2018 GuidanceCatasys reiterates its expectation to achieve annual billings (amount invoiced in a particular period net of credits, pursuant to existing contracts based on enrolled members) of $20.0 million based solely on the current outreach pool of eligible members. Catasys maintains its guidance despite a health plan partner representing more than 50% of this year’s outreach pool operating at 50% of anticipated enrollment capacity due to structural billing issues specific to this customer. This has resulted in lower-than-anticipated billings and revenue as well as a smaller underlying outreach pool than would be expected in a similarly sized customer. As the Company resolves the structural billing issues in Q4, Catasys anticipates a significant increase in not only the outreach pool size but also a significant increase in 2019 billings and revenue. Implicit in the Company’s 2018 results is the outperformance of its financial model by its other health plan partners.

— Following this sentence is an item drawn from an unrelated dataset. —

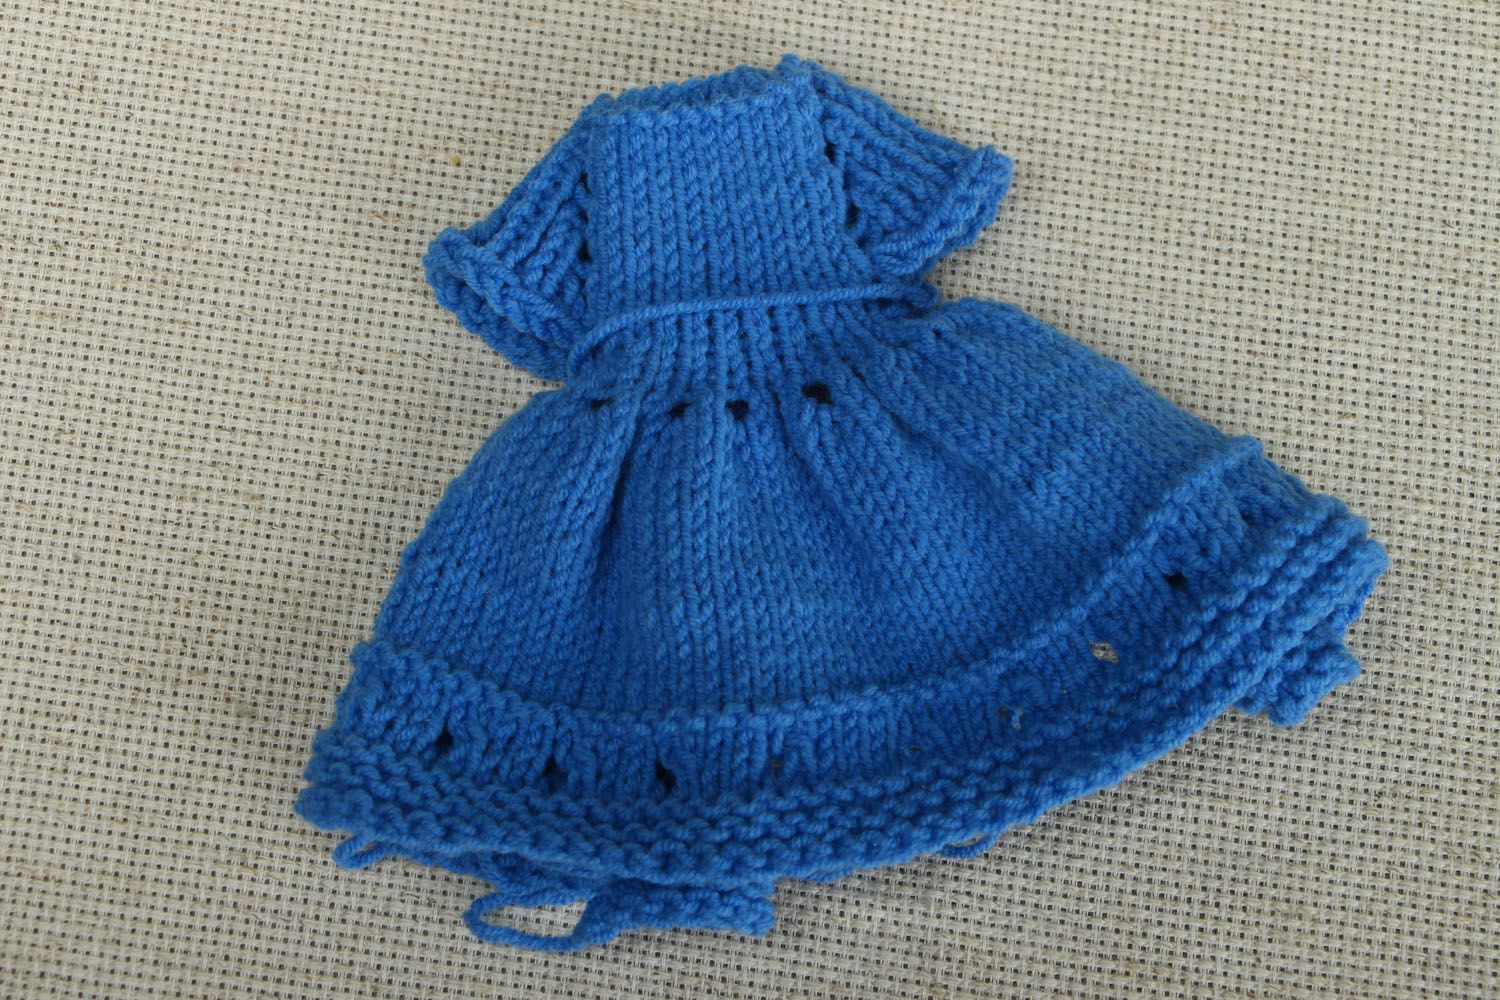 Robe de poupée tricotée faite main photo 1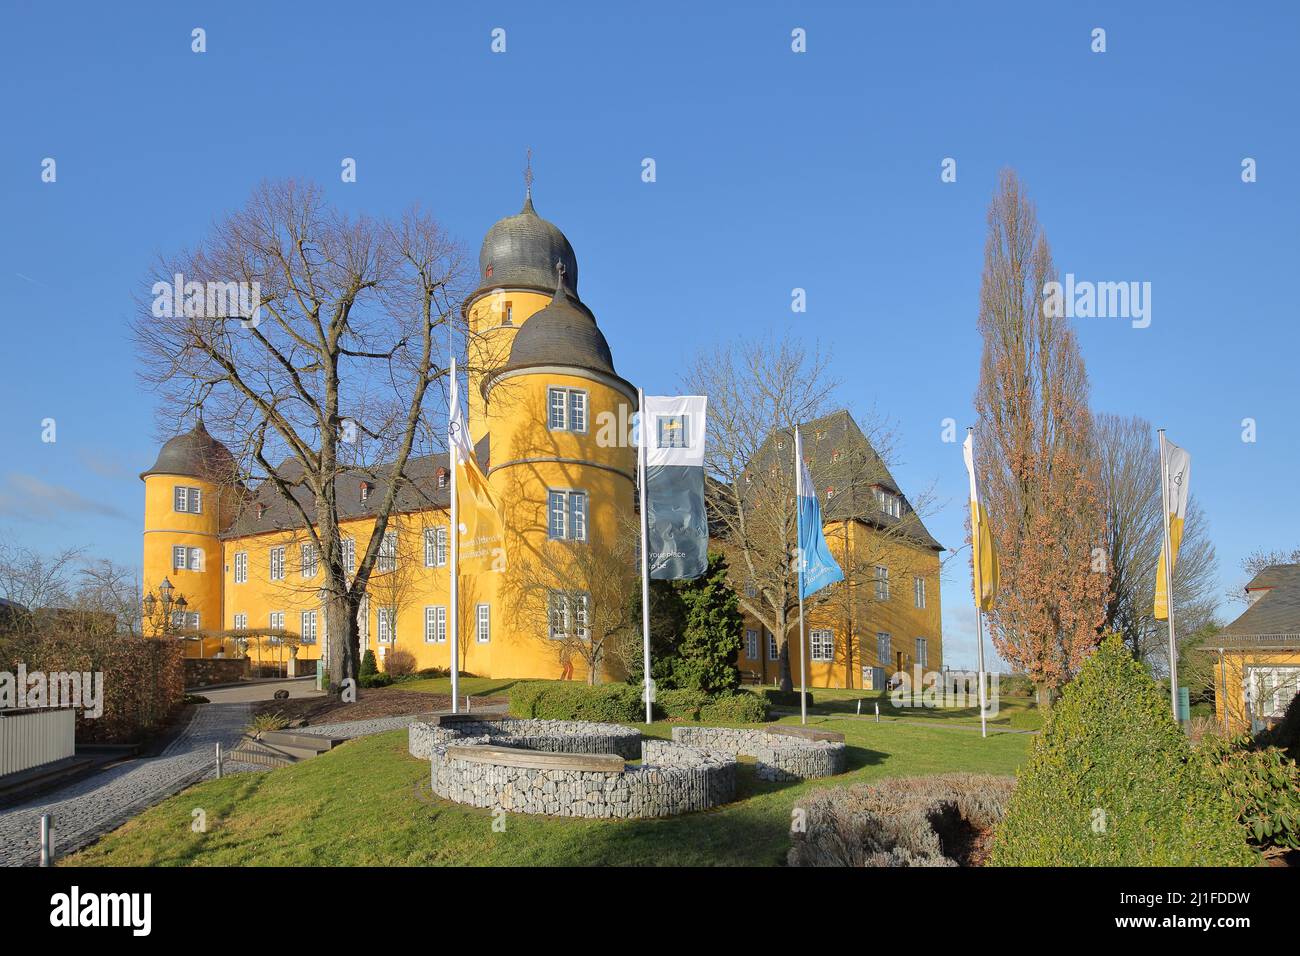 Baroque castle in Montabaur, Rhineland-Palatinate, Germany Stock Photo

2019 GuidanceBeginning in 2019, the Company will no longer be reporting annual billings as a metric and will shift to GAAP revenue guidance. Revenues increased in the nine months ended September 30, 2018 to $9.6 million from $4.7 million in the prior-year period. Catasys expects to report revenues of at least $35 million in 2019. The Company anticipates that this revenue increase will be supported through accelerating enrollment growth during this coming year. This guidance solely represents existing enrollment launches with current health plan partners and several program expansions with existing customers and does not include new contracts and subsequent launches, initial launches of existing contracts, and new expansions within existing contracts.
Mr. Rick Anderson, President and COO of Catasys, stated, “During the third quarter of 2018, we were pleased to announce the geographic expansion of the OnTrak-A program into four new states with one of the nation’s leading health plans. With OnTrak-A’s expansion into Iowa and Nebraska, OnTrak is now available in 22 states. We are also excited to begin working with a new health plan partner Capital BlueCross whose eligible commercial members will be able to take advantage of our OnTrak solution in the first quarter of 2019. As we continue to see program expansions with existing partners and contract wins with new customers, we expect our outreach pool to rapidly ramp as we head into 2019, which will subsequently have a positive impact on enrollments and revenues.”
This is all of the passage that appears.